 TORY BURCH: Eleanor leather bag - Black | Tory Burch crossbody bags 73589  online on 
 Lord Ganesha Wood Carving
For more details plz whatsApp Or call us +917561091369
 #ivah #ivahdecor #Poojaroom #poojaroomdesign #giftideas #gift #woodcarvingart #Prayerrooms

==

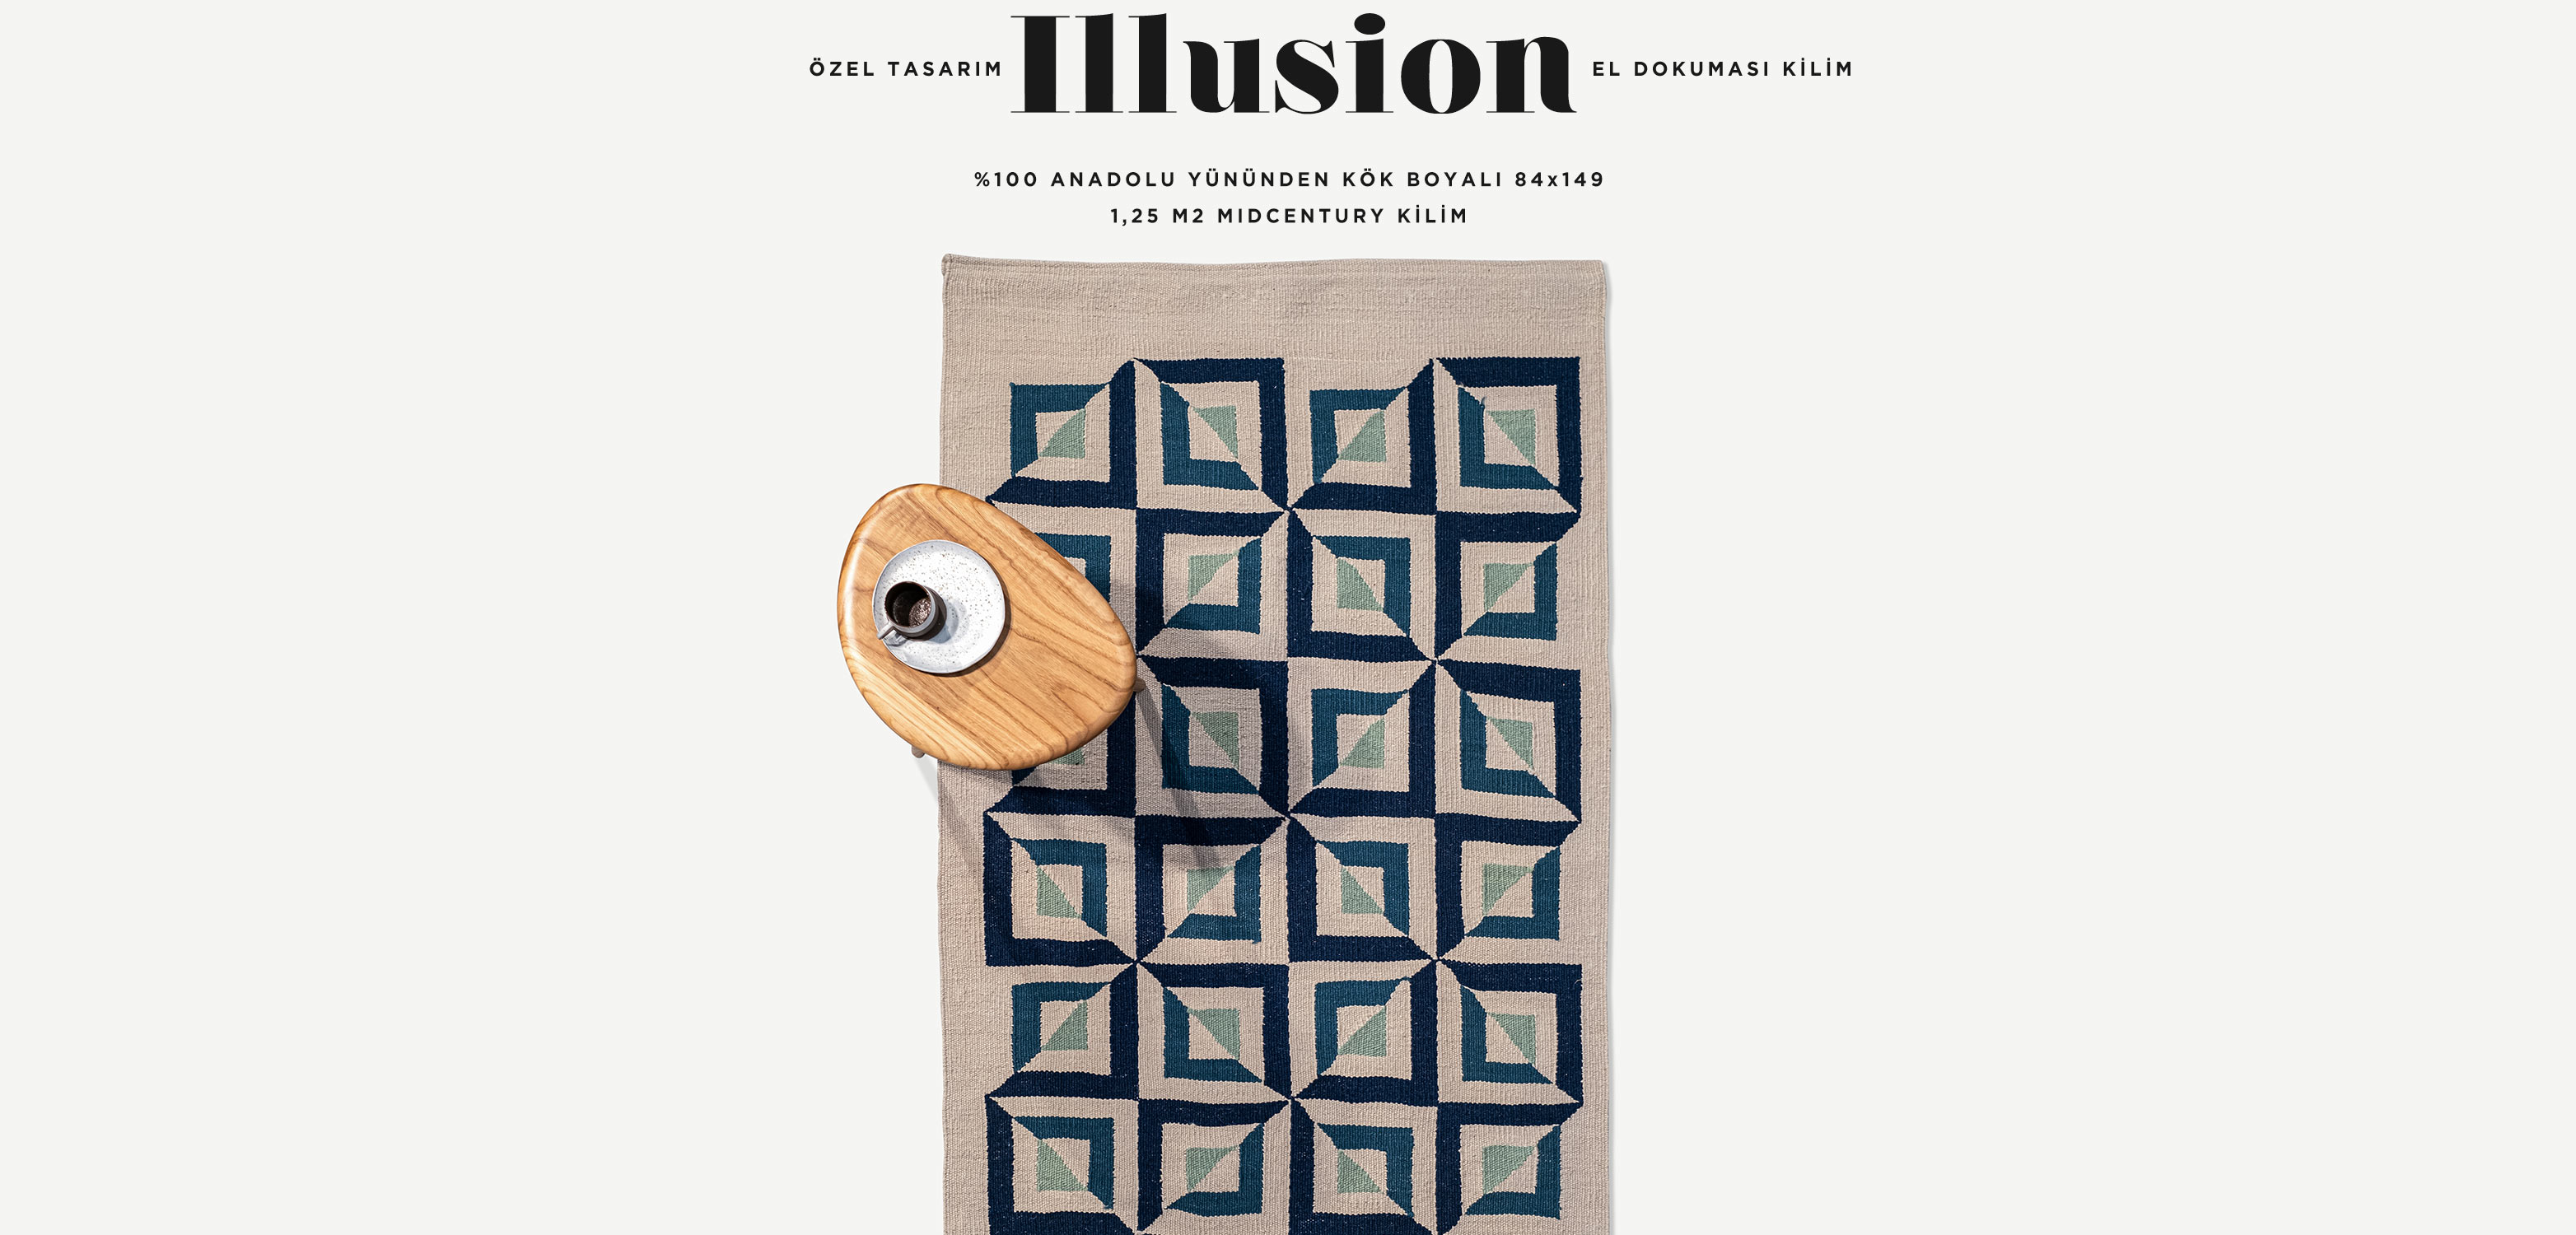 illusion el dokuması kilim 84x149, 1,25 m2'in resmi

...

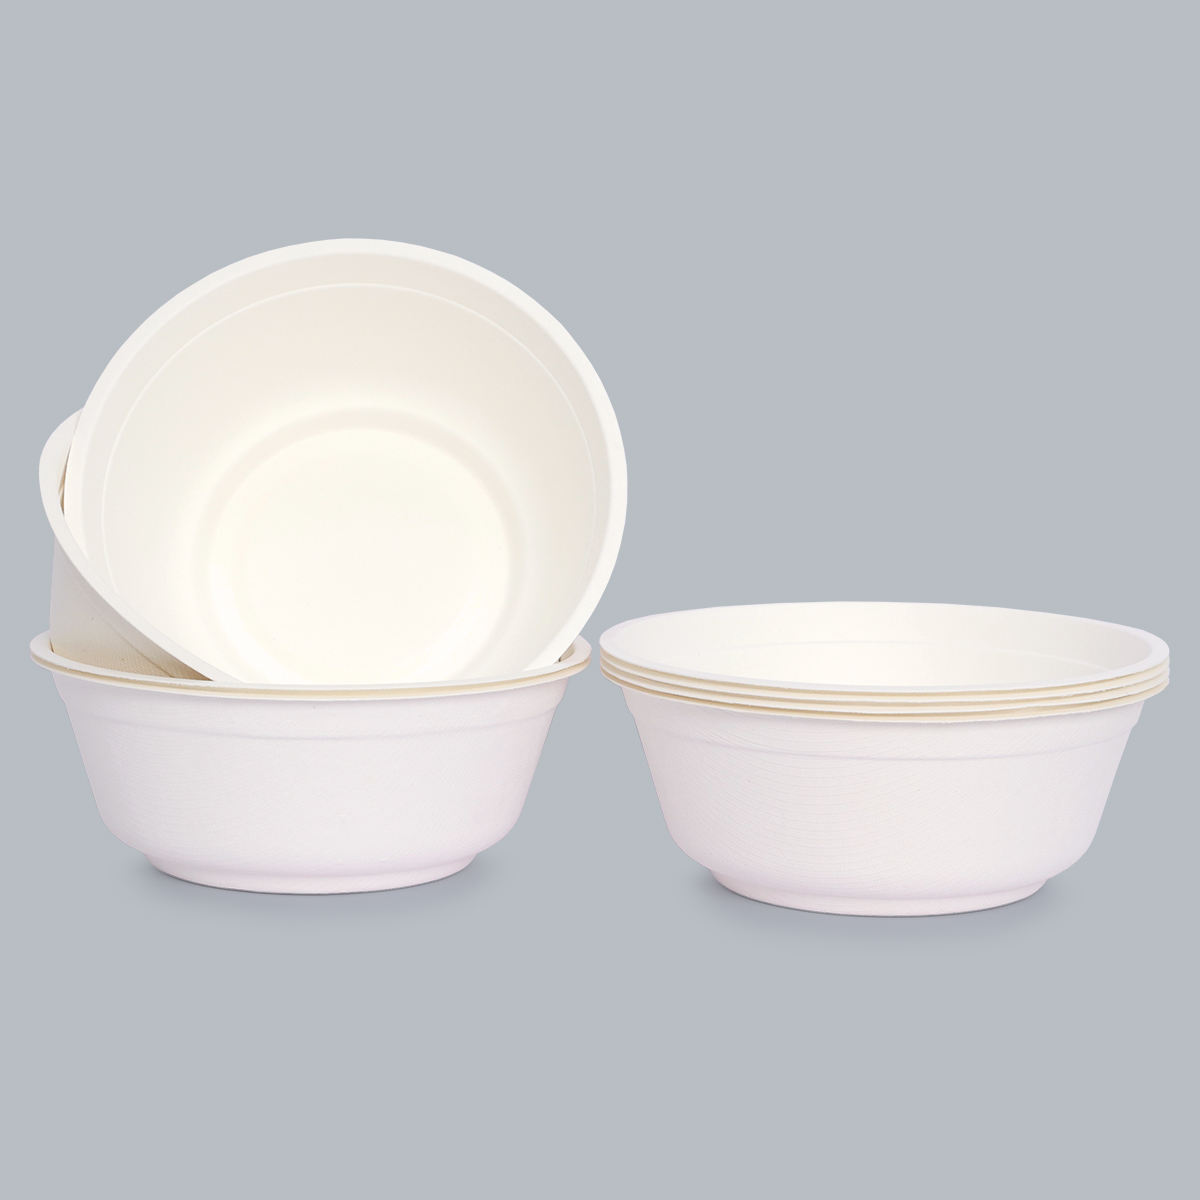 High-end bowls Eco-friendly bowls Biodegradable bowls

— WORK INSTRUCTIONS —
Looking at the data above, write out exactly the lines that start at the one containing "TORY BURCH: Eleanor" and end at the one containing "#ivah #ivahdecor #Poojaroom"; include both and nothing beyond.

— EXERCISE RESULT —
 TORY BURCH: Eleanor leather bag - Black | Tory Burch crossbody bags 73589  online on 
 Lord Ganesha Wood Carving
For more details plz whatsApp Or call us +917561091369
 #ivah #ivahdecor #Poojaroom #poojaroomdesign #giftideas #gift #woodcarvingart #Prayerrooms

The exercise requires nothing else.